Sunscreen may not help prevent melanoma

By Scott Shane
Baltimore Sun

By slathering sunscreen on yourself and your children this summer, you are fending off sunburn and cutting the odds of at least one kind of skin cancer.

But does sunscreen help prevent melanoma, the deadliest of skin cancers? Remarkably, scientists still aren't sure.

About 54,000 cases of Americans with melanoma are diagnosed each year — triple the incidence of 30 years ago — and 7,600 die of it, according to the National Cancer Institute. And the numbers keep climbing despite decades of widespread sunscreen use.

Some researchers, concerned about this apparent paradox, wonder whether sun lotions may have contributed to the problem. Older sunscreens absorbed ultraviolet B radiation, which is most responsible for sunburn, but did not block deeply penetrating ultraviolet A rays.

"The old sunscreens that were UVB blockers only may have been a bad idea," says Dr. James M. Spencer, vice chairman of dermatology at Mount Sinai School of Medicine in New York. "You didn't burn, so you stayed on the beach all day, getting massive doses of UVA."

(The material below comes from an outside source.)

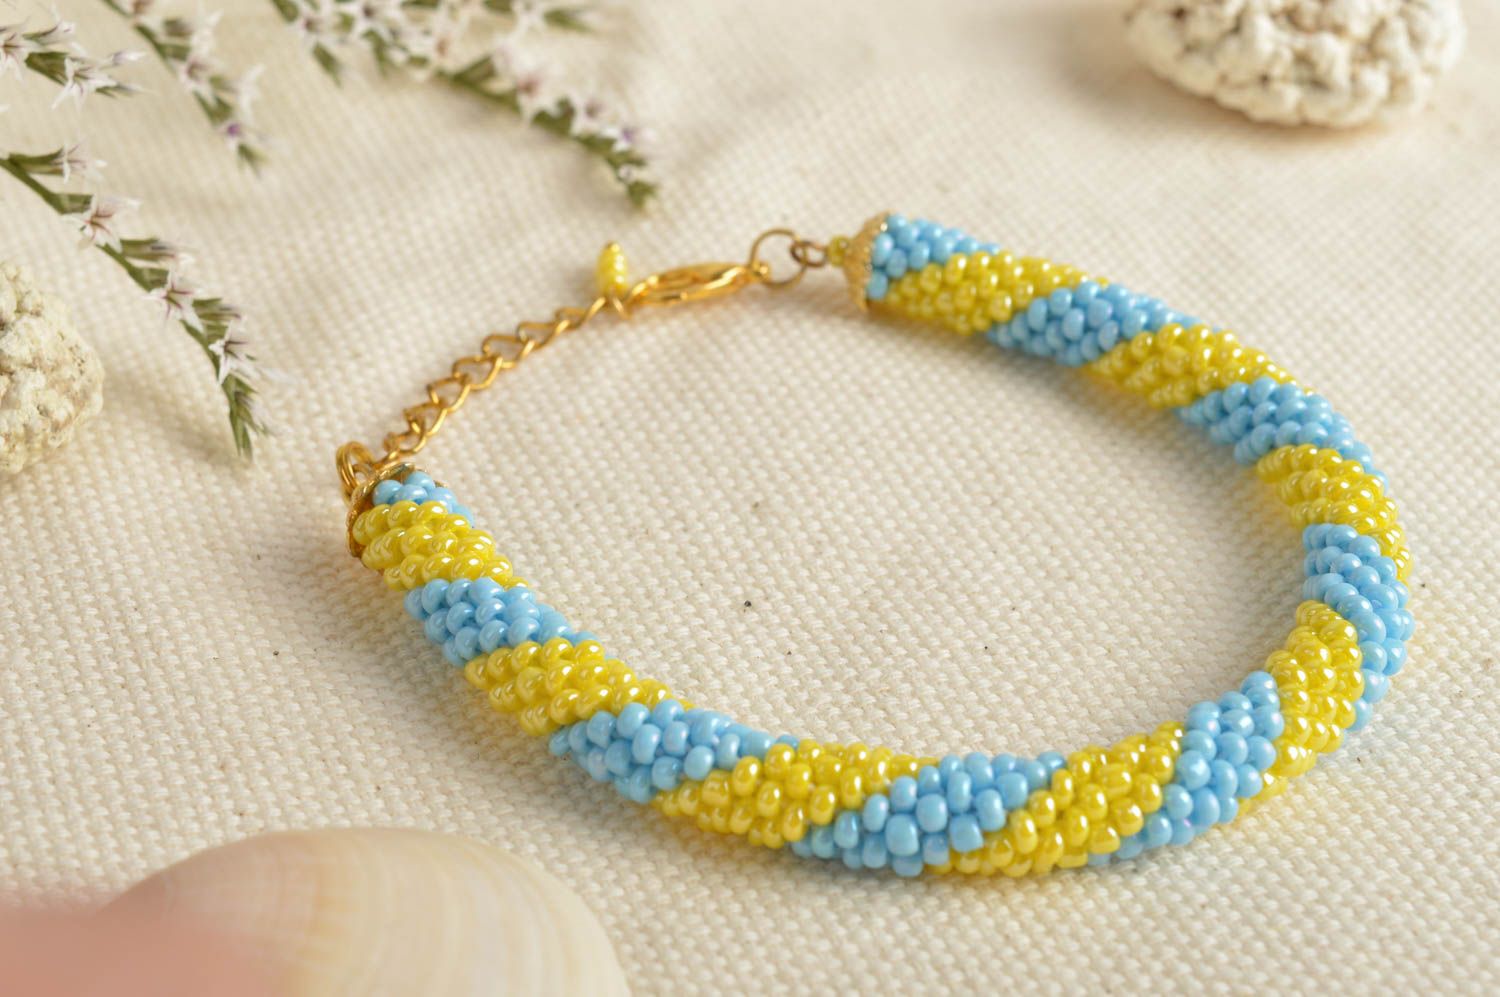 Handmade beaded cord wrist bracelet in blue and yellow colors for women photo 1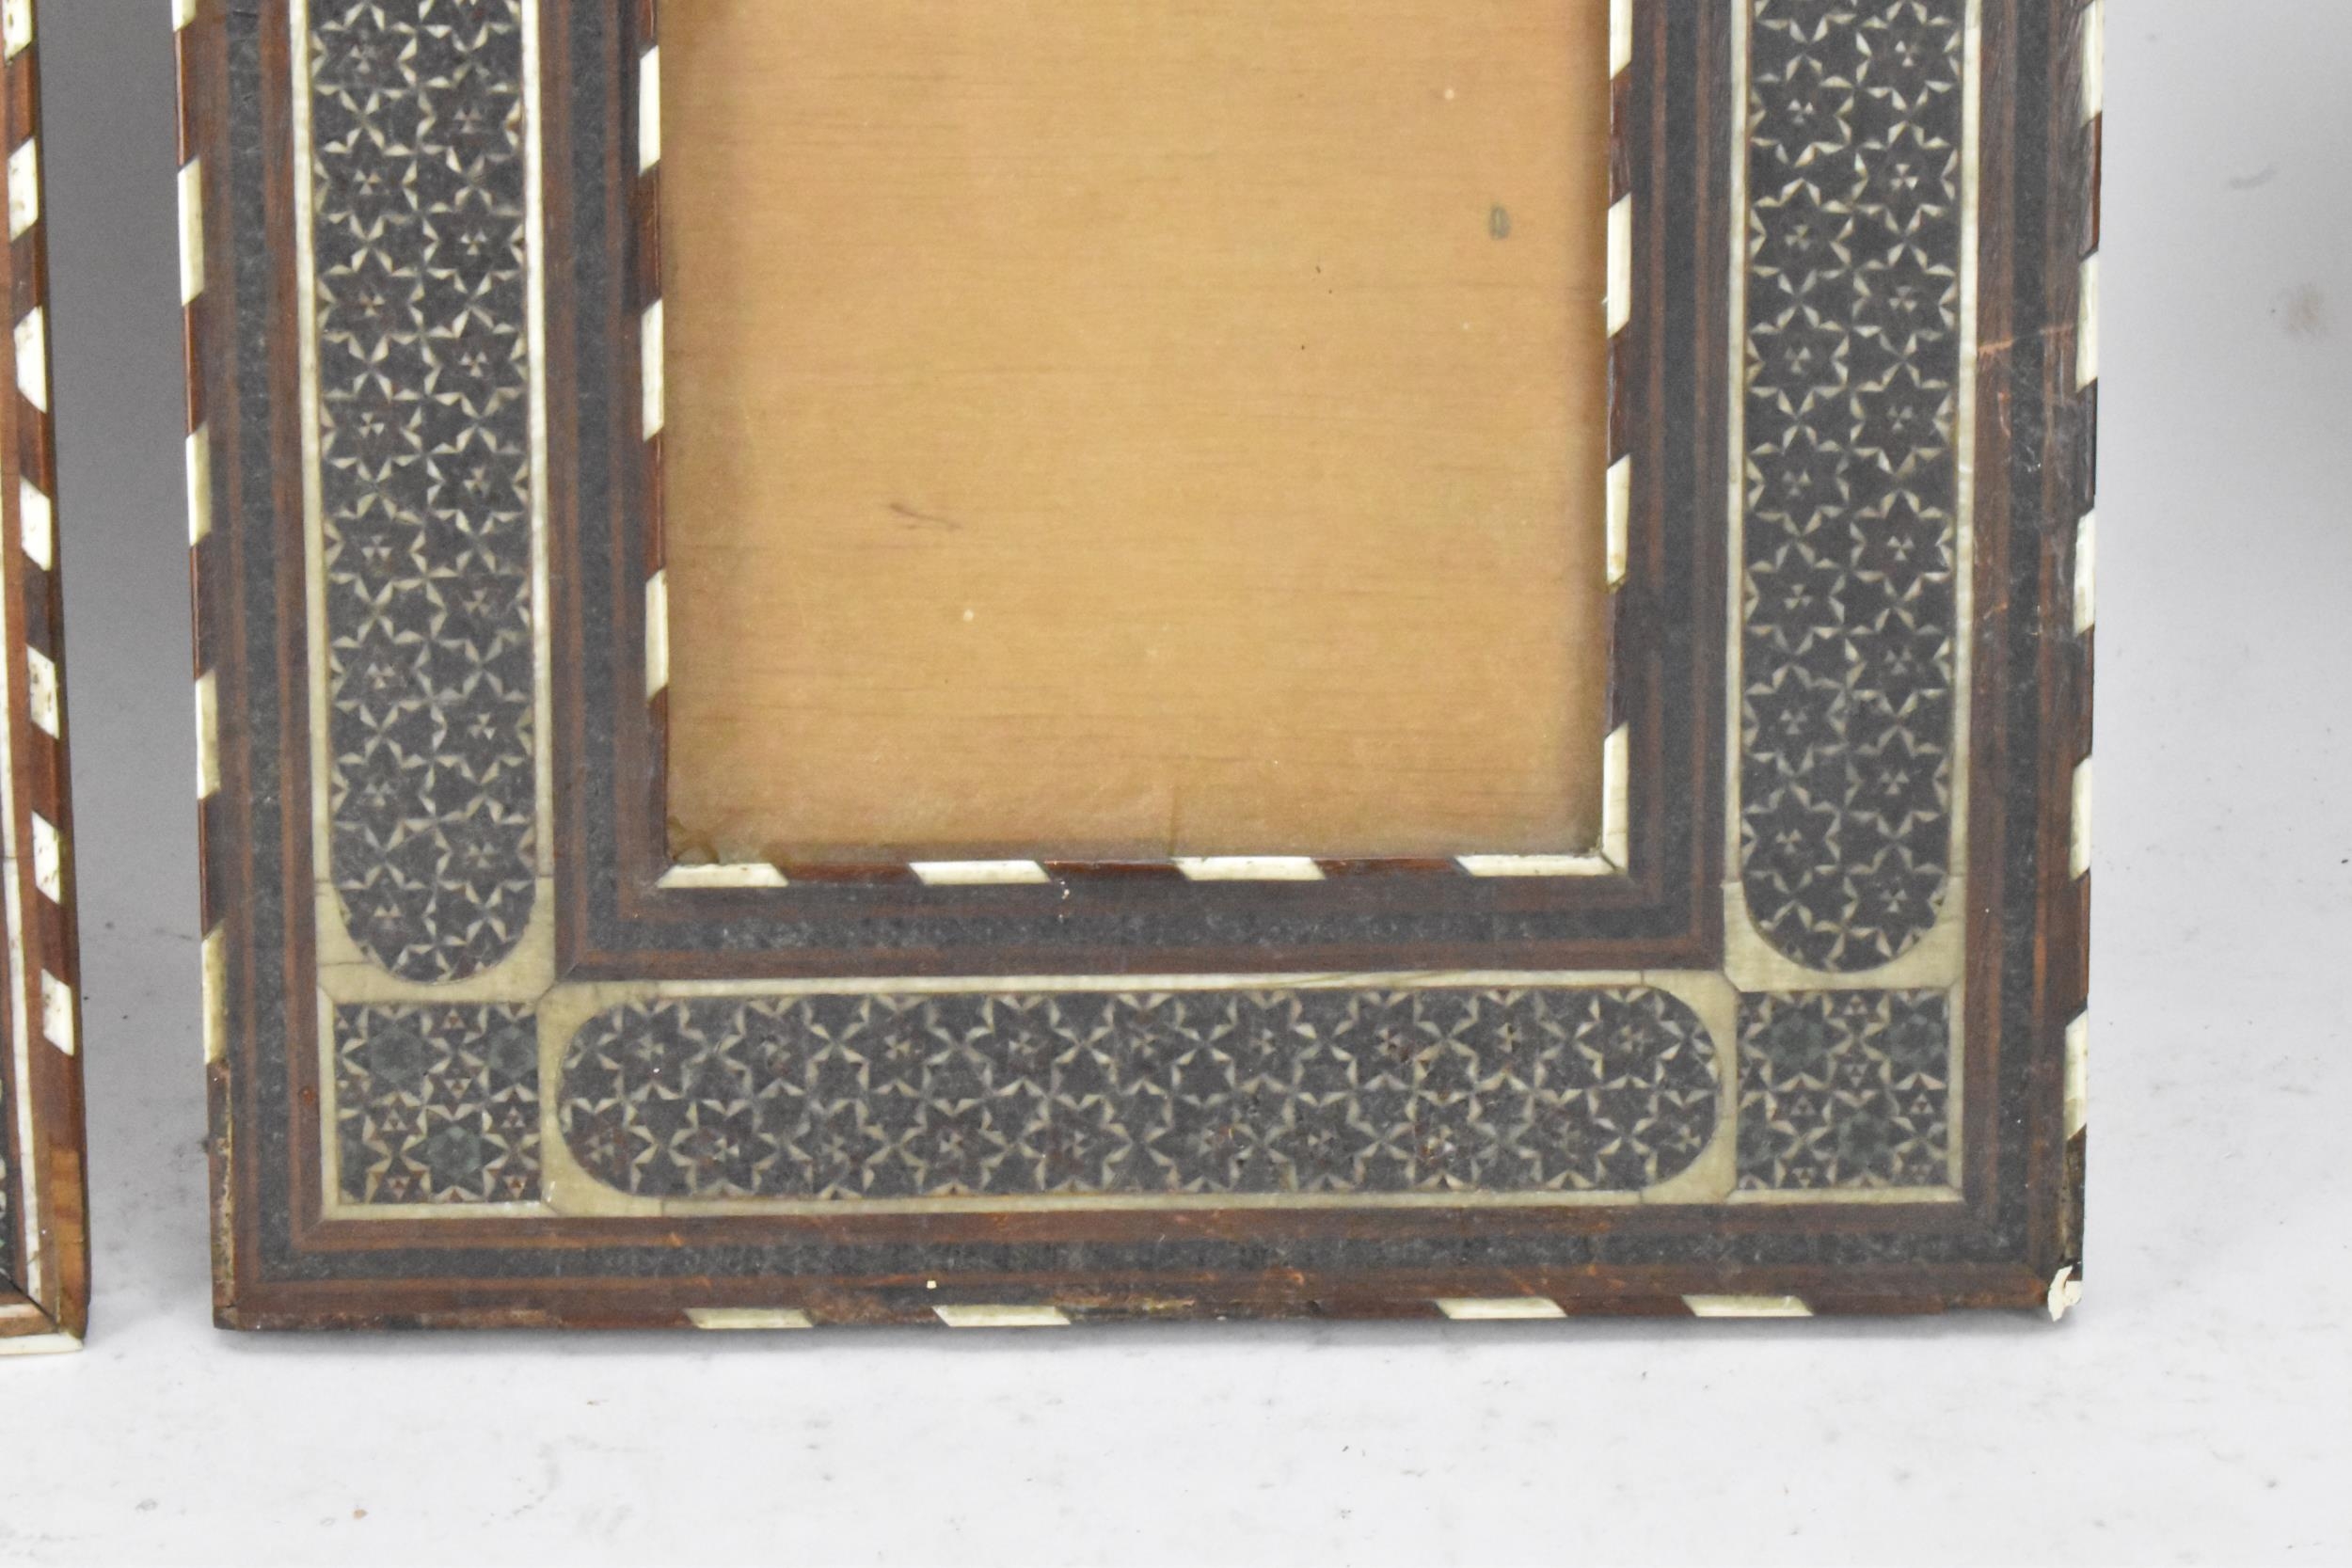 Three similar Persian late Qajar dynasty photograph frames, the profusely inlaid frames having - Image 5 of 14

Others disagree. Dr. Martin A. Weinstock, professor of dermatology at Brown University, says he believes sunscreens — even those that block only ultraviolet B — do help prevent melanoma. There is probably a lag time of at least 15 or 20 years between sun exposure and the cancer it causes, he says, and he thinks the melanoma numbers are beginning to turn around.

But Weinstock, too, believes sunscreen can offer false security — because so many people fail to use it properly.

"They put it on too late, they put it on too thinly, and they don't reapply it as often as they should," says Weinstock, chairman of the American Cancer Society's skin cancer advisory group. In a 2002 survey, he says, 39 percent of teenagers claimed they were using a broad-spectrum sunscreen when they got their worst sunburns.

In the sunscreen-melanoma conundrum, as in medical controversies involving diet strategies and hormone therapy, the desire of millions of people for practical advice collides with the ambiguity of scientific evidence.

"Physicians want to have something to tell their patients," says Marianne Berwick, an epidemiologist at Memorial Sloan-Kettering Cancer Center in New York. "But the question really is wide open."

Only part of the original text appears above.